Тонким веером сложившее крылья заклинание, мягкое прикосновение энергетических потоков к коже. Магия отхлынула, позволяя ей пройти к хмурящемуся, бледному от холода молодому человеку, застывшему перед бойницами.
— Я просил не беспокоить, — в голосе напряжённость зимней вьюги. Ему не просто было сдерживать ветер и одновременно вести светскую беседу.
— Я знаю, — спокойный, бездонный взгляд. Она протянула ему кружку с чем-то горячим, дымящимся на морозном воздухе. Маг, сознание которого казалось пустым и прозрачным от истощения и голода, несколько секунд непонимающе смотрел на свой первый за трое суток завтрак. А затем протянул руку, принимая его. И магия, ледяным пламенем горевшая в его теле, угасла, чтобы не обжечь её случайным прикосновением…

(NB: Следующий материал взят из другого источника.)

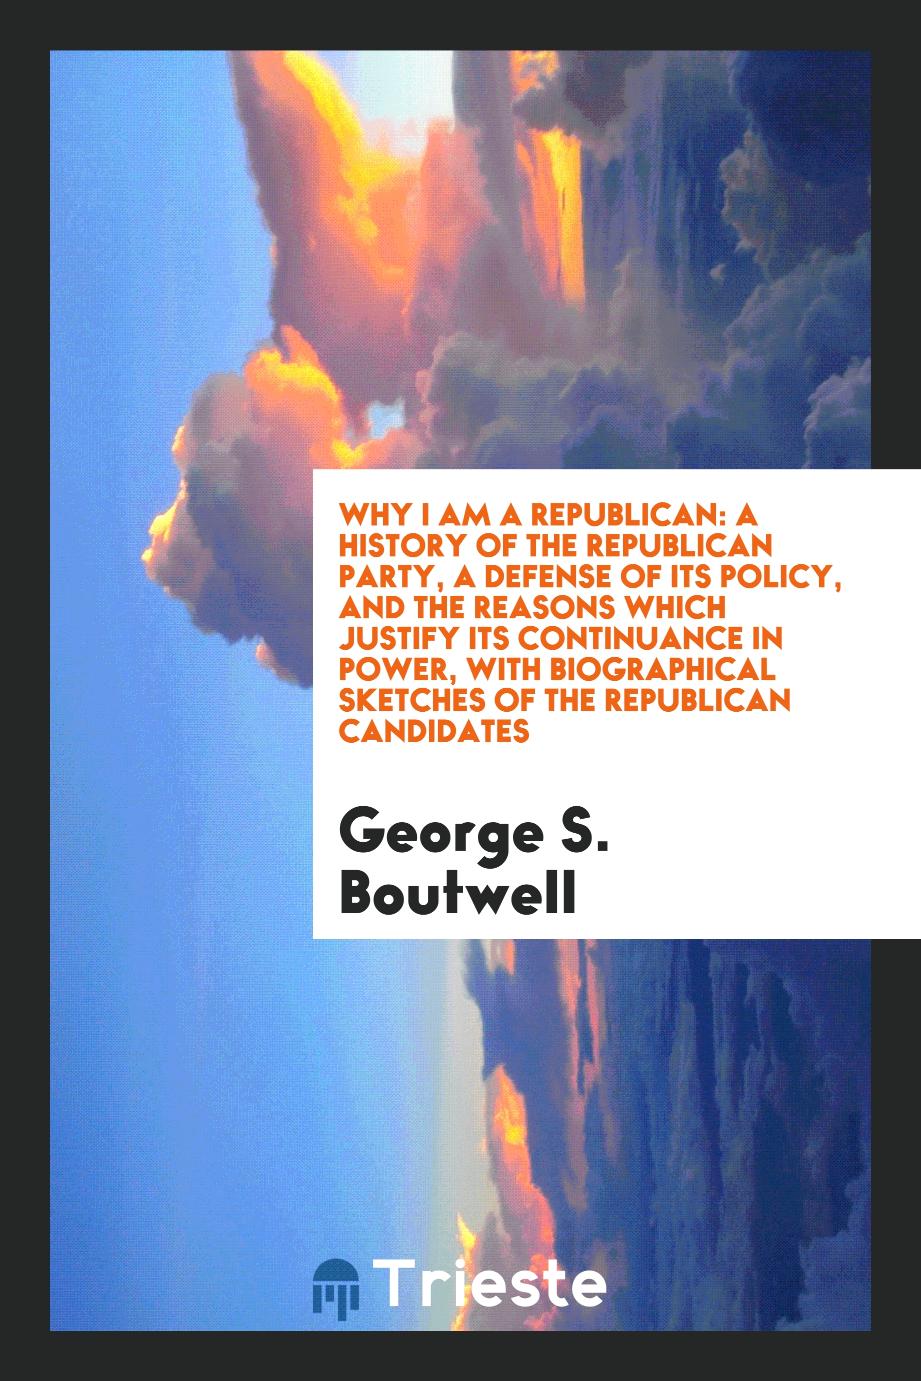 Why I am a Republican: a history of the Republican party, a defense of its policy, and the reasons which justify its continuance in power, with biographical sketches of the Republican candidates
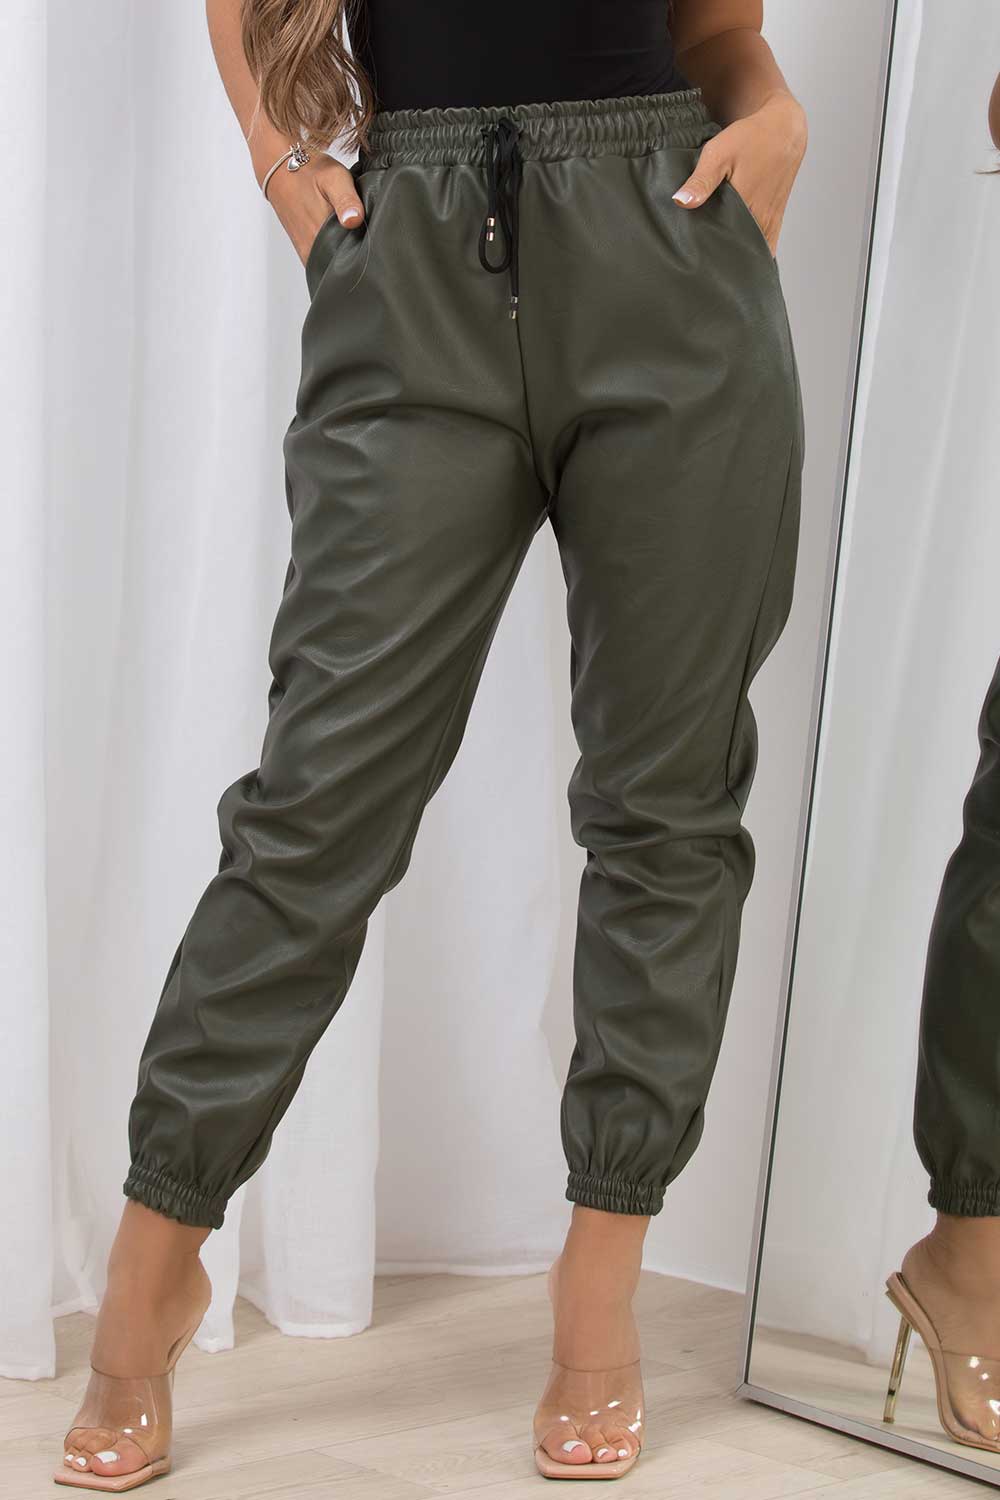 womens faux leather leather look trousers with drawstring waist sale uk

Та самая магия, которая теперь вьюжно-золотым приливом поднималась в его глазах. Та магия, которая всегда была способна уничтожить кого угодно и что угодно. Но не её. Только не её.
Бывший лэрд соколов безмятежно улыбнулся. Поправил её блестящий чёрный локон.
— Совершенно бесподобны. Но Вы вдруг побледнели. День был столь утомительным?
— Най. — Госпожа адмирал грациозно приподняла одно плечо в попытке пожать им. Из чего Тэйон заключил, что второе, скорее всего, ранено и не зажило ещё до конца. Не думая, что делает, маг протянул руку, положил на закованную в металл ключицу. Он никогда не был силён в целительной магии, а сейчас и вовсе ни в одном из видов волшебства, но по расширившимся тёмным глазам понял, что исцелил рану. Понятия не имея как, а главное, зачем это сделал.
Воздух рвался из-под контроля, всё дальше и дальше выскальзывая из тисков искалеченного сознания, ища выход, любой выход. С верхней полки слетела и медленно поплыла по кругу тяжёлая книга, затем вторая, третья… всё быстрее закручивающийся хоровод шелестящих страниц.
— Вы стихия, моя лэри. Дикая сила природы, управлять которой не подвластно никому, о чём мне стоило бы помнить. Вы — сама стихия.
«Как, впрочем, и я».
Магия была уродливой личинкой стрекозы, поднимавшейся с озёрного дна и разбивавшей водную поверхность. Она проходила через удивительное превращение, расправляя прозрачные крылья внутри его души. И вдруг понимала, что у неё есть когти и клыки и что они ядовиты.
«Надо остановиться. Да, ты думал, что ваши отношения уже давно вышли за рамки понятия «любовь», что она поддержит тебя и в смерти, и за её пределами. Если нужно — в буквальном смысле слова. Ты был не прав, и потеря иллюзий тебя почти уничтожила. Но разве её вины в этом больше, чем твоей?»
Магия поднималась безумным ураганом, горной лавиной, едва сдерживаемой хрупкой платиной халиссийской дрессуры. Застыла в шатком равновесии, не в силах преодолеть усвоенные в детстве запреты. Застыла и Таш, понимая, что бежать или драться поздно. Вырвавшиеся на свободу ветры просто взорвут дворец изнутри. Древняя защита, быть может, и удержит разрушения в одной комнате, но находящимся в ней это будет уже безразлично.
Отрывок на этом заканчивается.